Monday, October 24, 2011

The Tower of Synchronicity

Back in November 2005, I traveled to Puerto Rico for a week, along with good friend Paul Kimball, and his Red Star Films crew: his brother, Jim, Findlay Muir and John Rosborough.

The purpose was to secure a decent amount of footage, interviews and more on - of course! - the Chupacabra.

On one particular morning, we were bound for the El Yunque rain-forest. It was a trip that subsequently resulted in a meeting of highly strange and unbelievable proportions. And it sparked off a classic case of synchronicity.

As we turned off the highway and onto a steep and winding road that led deep into the heart of the hills and the immense forest, I realized that we were on one of the roads that I had taken with Jon Downes the previous year when we were filmed for Proof Positive, a short-lived series for the SyFy Channel.

We headed for a large, stone tower, similar to what you would expect to see affixed to an old English castle, that was situated high in the forest, and that required a walk up a flight of what seemed like 1,000 steps to reach its summit.

John and Findlay set up the cameras, following which I was interviewed by our guide for the week - a local, and very knowledgeable researcher named Orlando Pla - about the Chupacabra attacks that had occurred within the rain-forest.

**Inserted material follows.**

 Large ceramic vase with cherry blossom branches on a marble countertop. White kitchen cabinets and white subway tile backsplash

Findlay was securing some stunning panoramic shots of a type that could only be obtained from the top of the immense tower when something odd happened.

There were several people milling around quietly at the top of the tower as we filmed. And when the shoot was over, one of them - a young woman - asked me: "Are you from Wolverhampton?"

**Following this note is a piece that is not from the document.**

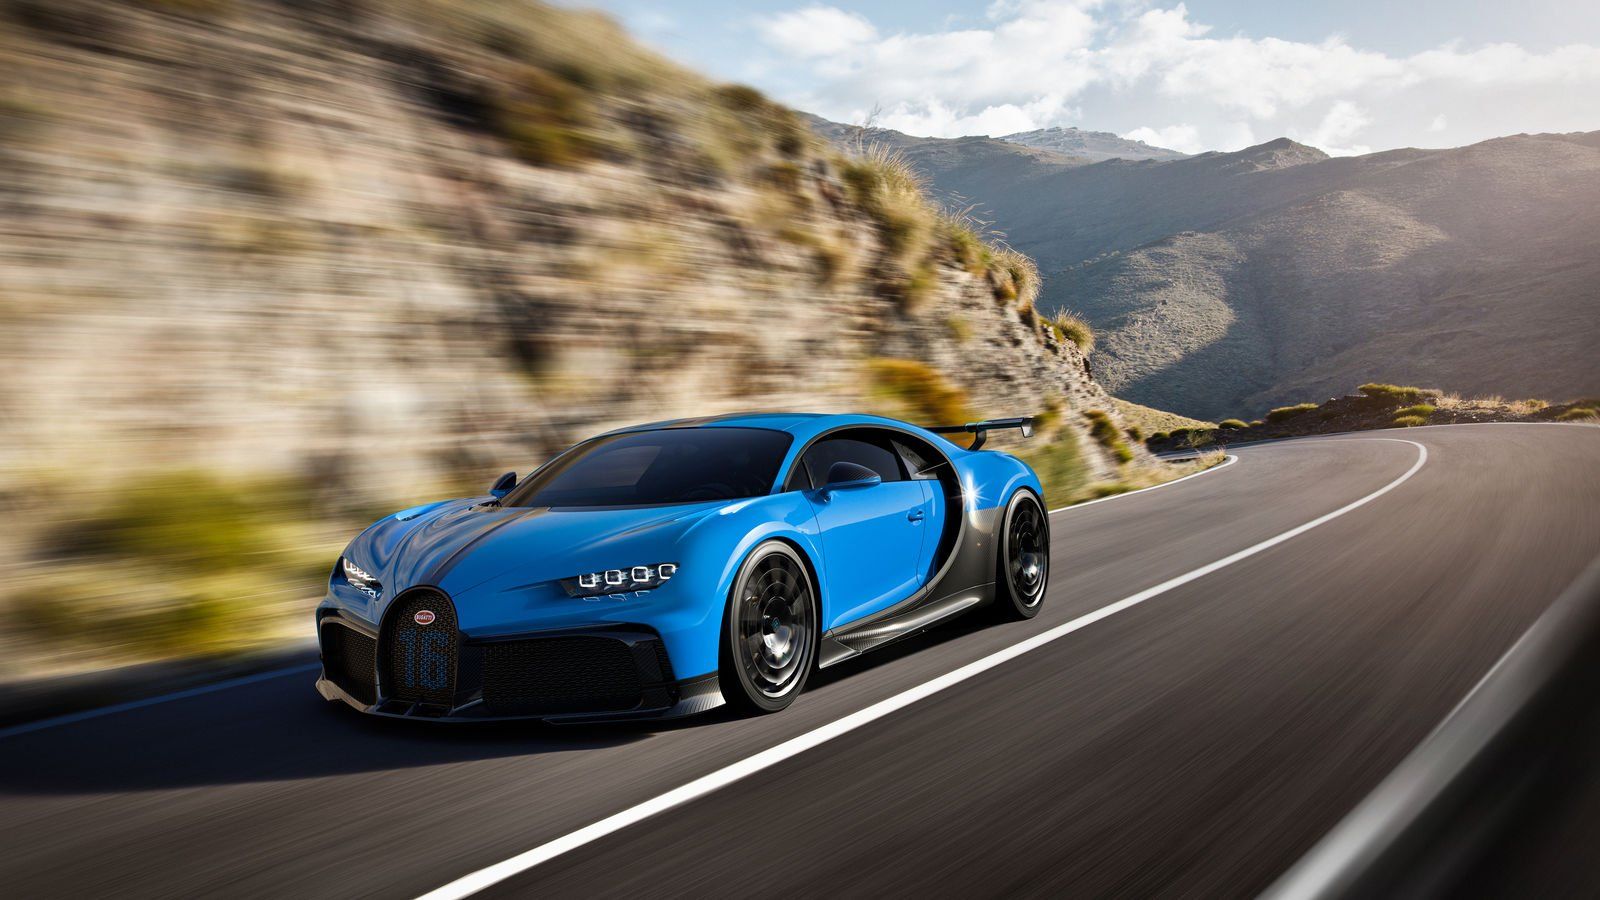 10_chiron-pur-sport_drive-3i4-front.jpg

This was a reference to a bustling town about six miles from where I used to live in England.

Amazed to hear a local accent, I said that, no, I wasn’t from the town, but the picturesque English village I had lived in as a kid, Pelsall, was only a stone’s throw away.

"Oh, yes, I know Pelsall," she replied, matter-of-fact, adding: "My cousin and her husband live there."

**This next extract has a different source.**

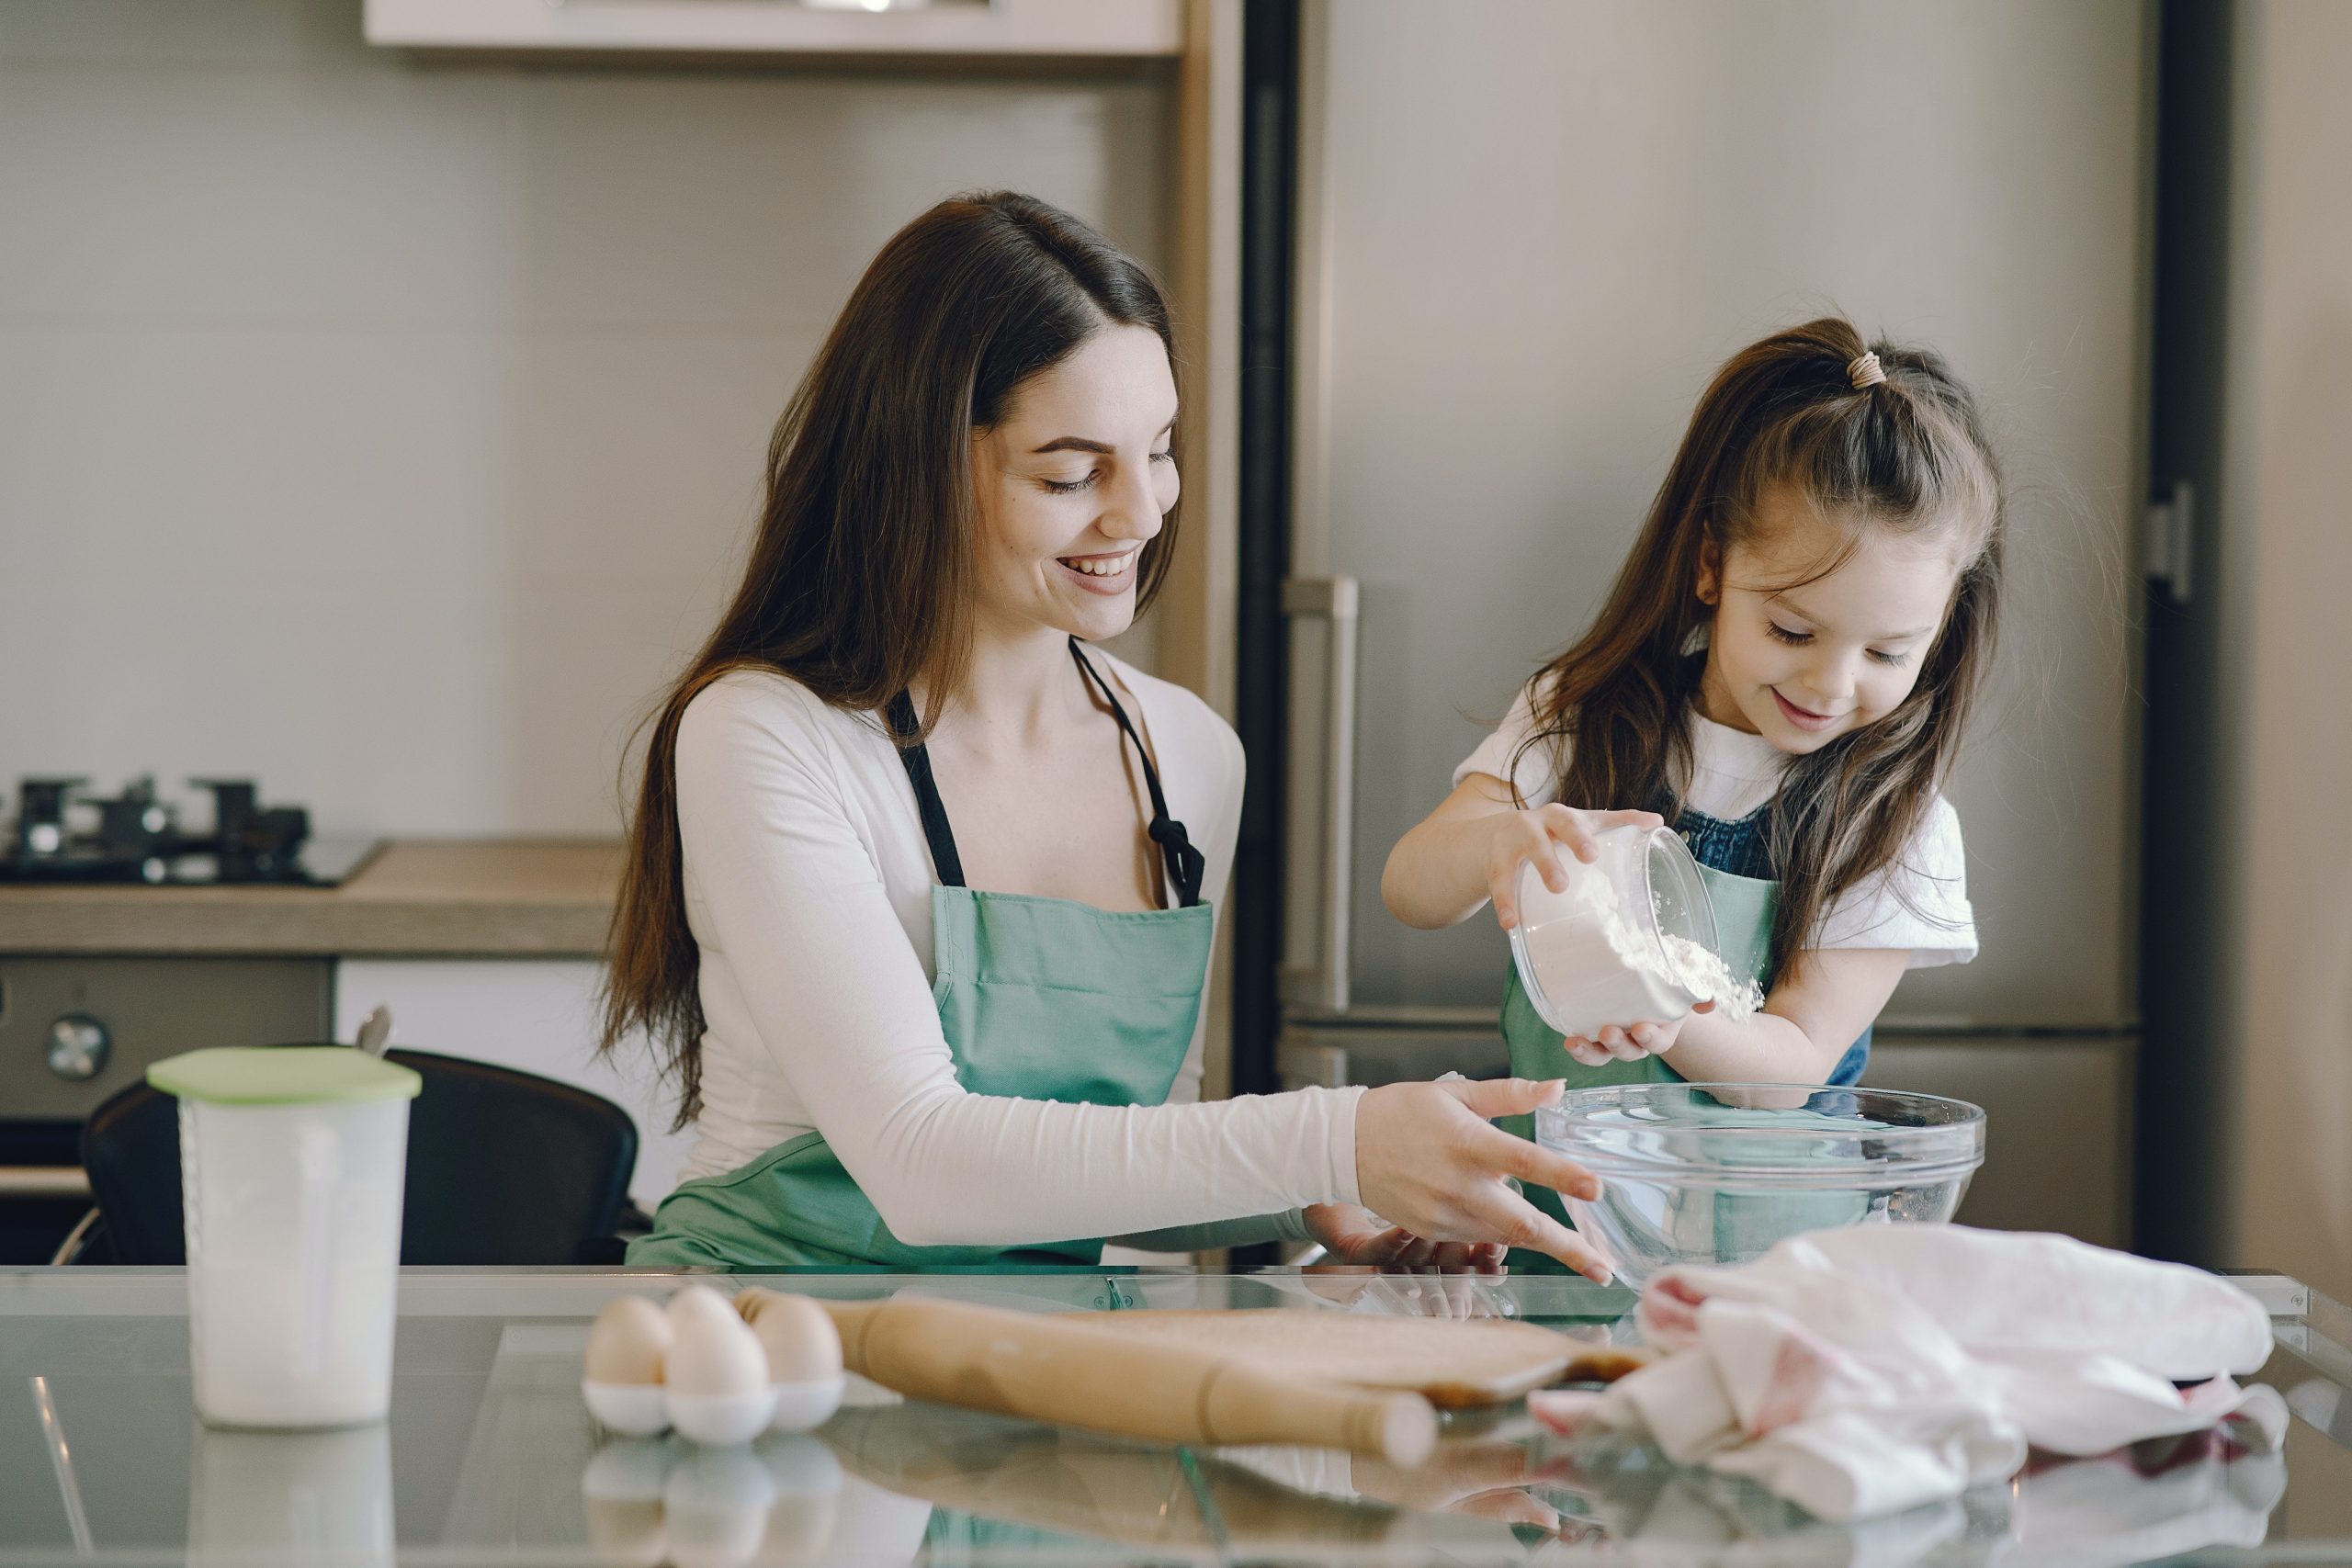 A girl is helping her mother bake a cake in the kitchen

It would later transpire that my dad, who also lives in Pelsall, actually knew the husband of the woman’s cousin, who lived only a few streets away from my dad’s house.

Paul and Findlay looked on with incredulity as this coincidence of epic proportions played out.

What were the chances, I wondered, of me bumping into someone – atop a remote tower deep in the heart of Puerto Rico’s El Yunque rain-forest on a November morning - whose cousin lived in the very same village I had grown up in?

I know some readers will conclude that this was all due to some weird coincidence of the type that do happen from time to time.

But, they seem to happen so often to me that, writing them off as coincidences, rather than labelling them as synchronicities, is something I find it harder and harder to do.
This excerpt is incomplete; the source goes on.